“石崇!”楊容姬從廚房回來,恰好聽到兩人的對話,不由清叱了一聲
“我說得不對麽?”石崇也自知失言,卻拉不下麵子承認,“阿容可是荊州刺史的女兒,自小養尊處優,住這樣簡陋的屋子真是委屈她了!”
“我不委屈……”楊容姬剛說到這裏,忽見潘嶽驀地抬起手,頓時住口不言。潘嶽回過手臂,從桌案旁堆放的書卷中取出兩卷,遞給石崇:“我知道石侍郎家資豐饒,但這兩樣東西,還請侍郎收下,仔細研讀。”

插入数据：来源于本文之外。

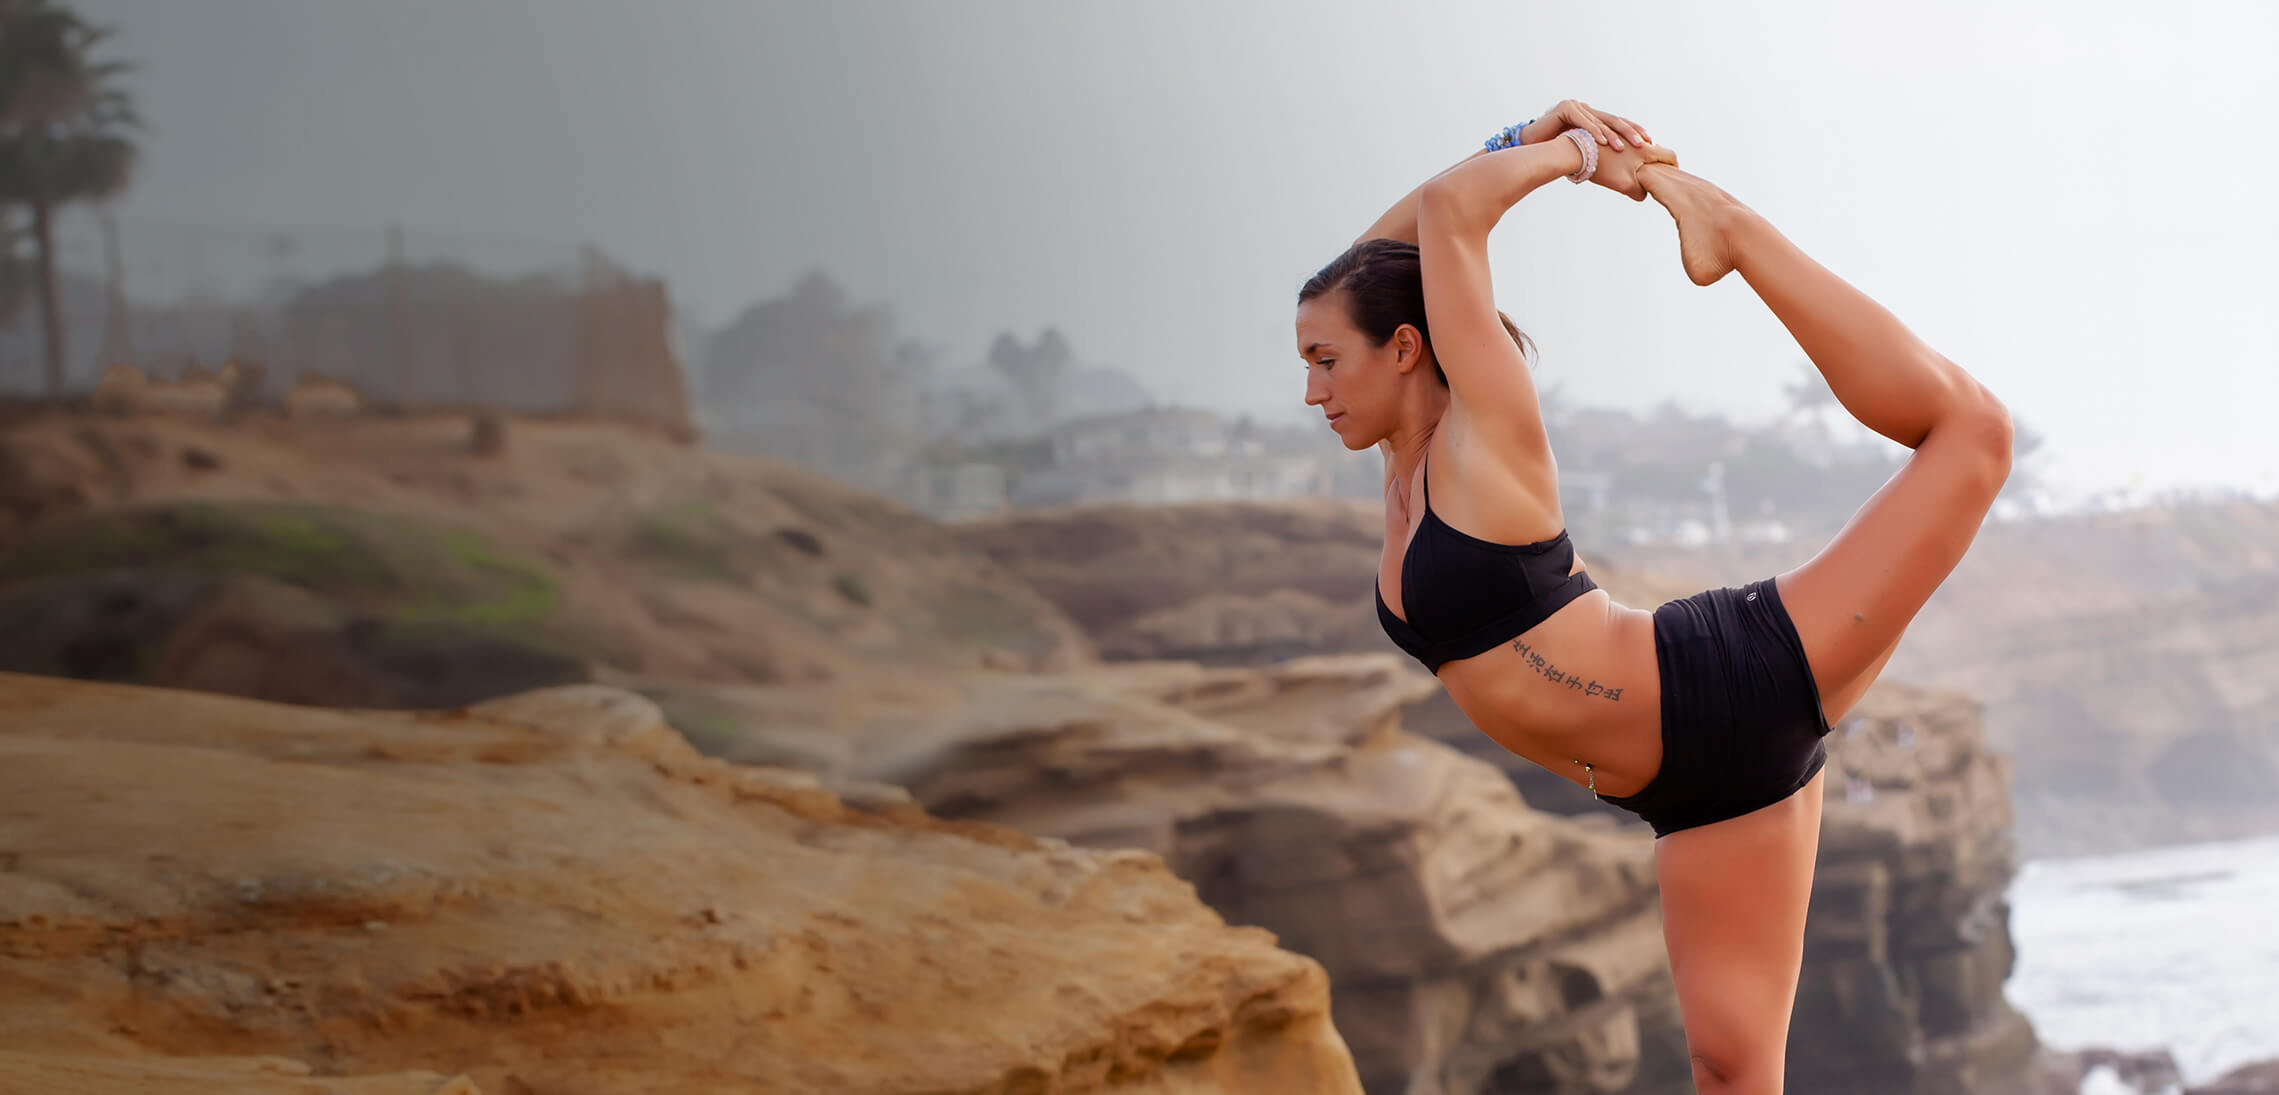 Mindful Yoga & Meditation <br>with Katie B. Happyy

“這是什麽?”石崇料不到潘嶽突然轉了話風,有些無措地接過兩卷竹簡。
“這是《泰始律》第三篇‘盜律’和第四篇‘賊律’。”潘嶽淡淡道,“石侍郎可以從中看到,我朝對盜賊搶劫的刑罰是很重的,‘積聚盜贓,贓五匹以上,棄市’。所以請石侍郎不用擔心我,還是擔心擔心你自己吧。”
“你!”石崇以搶劫致富,潘嶽此舉無異於極大的挑釁。“方才我是無心之語,你卻如此羞辱於我,潘嶽,你今天到底犯了什麽毛病,想要逼我和你絕交嗎?”石崇指著潘嶽,幾乎跳腳。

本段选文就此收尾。